L_{s} = | \partial_{x} d_{t}^{*} | e^{- | \partial_{x} I_{t} |} + | \partial_{y} d_{t}^{*} | e^{- | \partial_{y} I_{t} |}

(9)

where d_t^* is the average normalized inverse depth to stop the estimated depth from shrinking.

The final loss function L is a weight sum of photometric loss L_p and smoothness loss L_s:

L = μ L_{p} + λ L_{s}

(10)

where λ is a constant with a value of 0.001. The value of λ is referred to Godard’s setting, which is the most commonly used optimal parameter setting, and L_p is the combination of SSIM and L1.

4. Experiments and Analysis

Our approach is compared with previous related works on the KITTI dataset [9] to demonstrate that our proposed approach can improve the accuracy of model prediction and reduce the error in model estimation. An ablation study of the attention mechanism is also studied based on monodepth2.

4.1. Implementation Details

Our network model is implemented via PyTorch, and during training, 20 epochs are trained. The batchsize is set to 12, and the resolution of the input and output is 640 × 192. We use ResNet-18 pre-trained on ImageNet [43] as the encoder. For the first 15 epochs, we use the Adam [44] optimizer, with a learning rate of 10⁻⁴. The learning rate for the last five epochs is 10⁻⁵. The GPU is NVIDIA GeForce GTX 1080Ti, and the training duration is 12 h.

4.2. KITTI Results

We use the KITTI dataset for all experiments, using the data segmentation of Eigen et al. [4] to increase the distance to 80 m. Before training, the same preprocessing as that performed by Zhou et al. [10] is performed to remove some static frames. In the end, 39,810 frames are used for training, 4424 frames are used for verification and 697 frames are used for testing. When training these networks, the same camera inherent focal length and average focal length are used for all frames. As shown in Figure 5, for road signs and utility poles, our model yields clearer results. As shown in Table 3, our network outperforms other self-supervised methods in most metrics.

4.3. Make 3D Results

Make3D [51] consists of RGB monocular images and their depth maps, but stereo images are not available. Therefore, it is not possible to train an unsupervised depth estimation model on this dataset. Our model is equally valid when tested on other datasets. We tested Make3D using the model trained at KITTI 2015, employing the same camera parameters as those provided by the KITTI dataset.
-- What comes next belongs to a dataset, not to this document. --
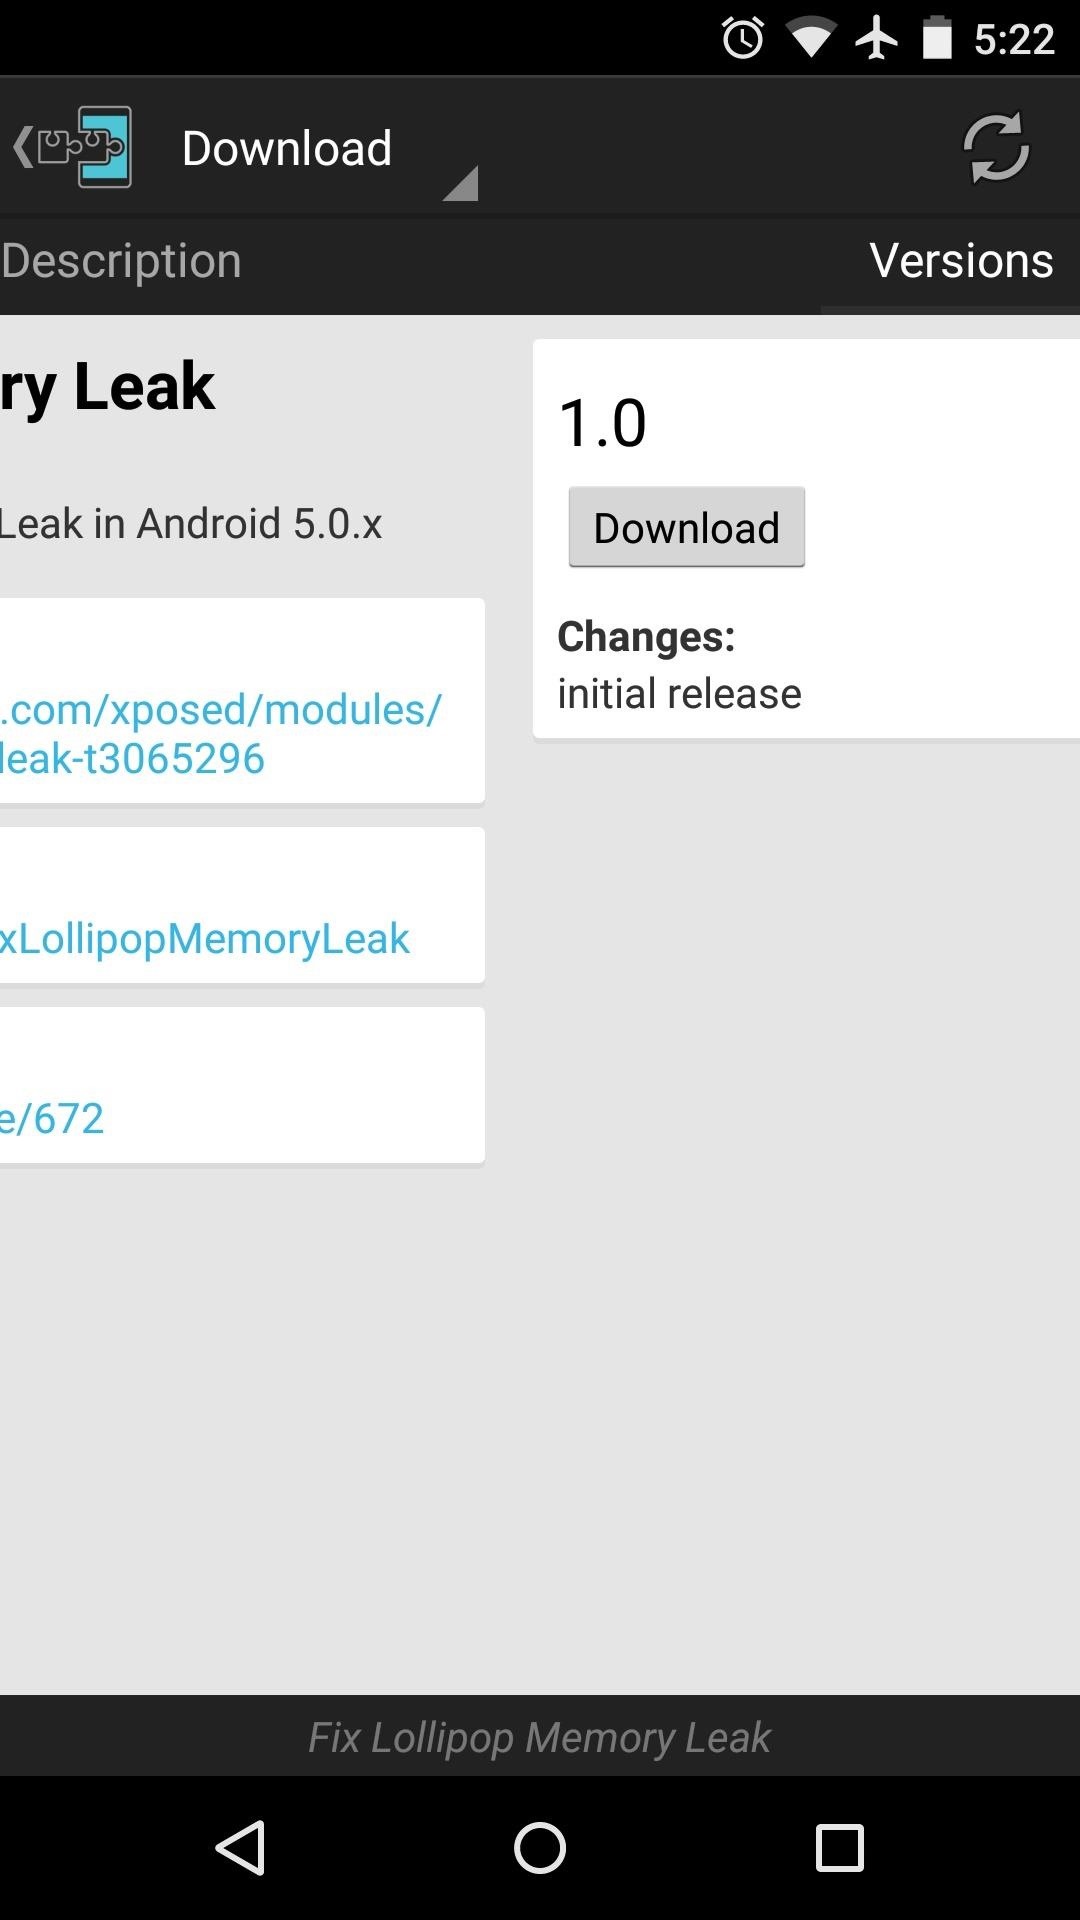 How to Fix Android Lollipop's Memory Leak for Improved Performance

We cropped the input images according to the aspect ratio requirements of the images in the model. As shown in Table 4, our method outperforms other self-supervised methods.

4.4. Ablation Study

Table 5 and Table 6 show the ablation study based on Monodepth2, and the backbones are ResNet 18 and ResNet 50, respectively. It shows that all of our contributions achieve a steady improvement in almost all evaluation metrics and obtain a consistent performance gain on different backbones. A visualization of the improvement of different components is shown in Figure 6.

4.5. Discussion

Based on monodepth2, our approach adds spm and dem. The experimental results show that incorporating the attention mechanism is effective. We use a pre-trained residual network as the backbone to extract semantic features, which are then fed into spm and generate new features to explicitly enhance the perception of the scene structure. In the decoding phase, we gradually recover the spatial resolution, use skip connections to facilitate the gradient and information flow throughout the model and use dem to produce fine details. While our addition of the attention mechanism improves the performance of the monocular depth estimation network, there are some shortcomings: the network becomes more complex and takes longer of a cycle.

5. Conclusions

In this paper, a new network structure is proposed based on a self-supervised monocular depth estimation model. Two different channel attention modules are added. The spm uses a frequency channel attention network to enhance the perception of the scene structure and obtain more feature information. The dem employs a channel attention mechanism. It emphasizes some important details and can effectively fuse features at different scales to achieve more accurate and clearer depth prediction. Our network has achieved advanced results on the KITTI dataset.

Author Contributions

Conceptualization, B.T.; methodology, X.C.; software, X.C.; validation, B.T., X.C. and X.T.; formal analysis, X.C.; investigation, X.C.; resources, D.J.; data curation, B.T.; writing—original draft preparation, X.C.; writing—review and editing, B.T.; visualization, B.C.; supervision, B.T.; project administration, B.T.; funding acquisition, B.T. All authors have read and agreed to the published version of the manuscript.

Funding

This research was funded by the National Natural Science Foundation of China, grant number (51505349, 51575407); the Hubei Provincial Department of Education, grant number D20201106; and the Open Fund of the Hubei Key Laboratory of Hydroelectric Machinery Design & Maintenance in China, Three Gorges University (2021KJX13).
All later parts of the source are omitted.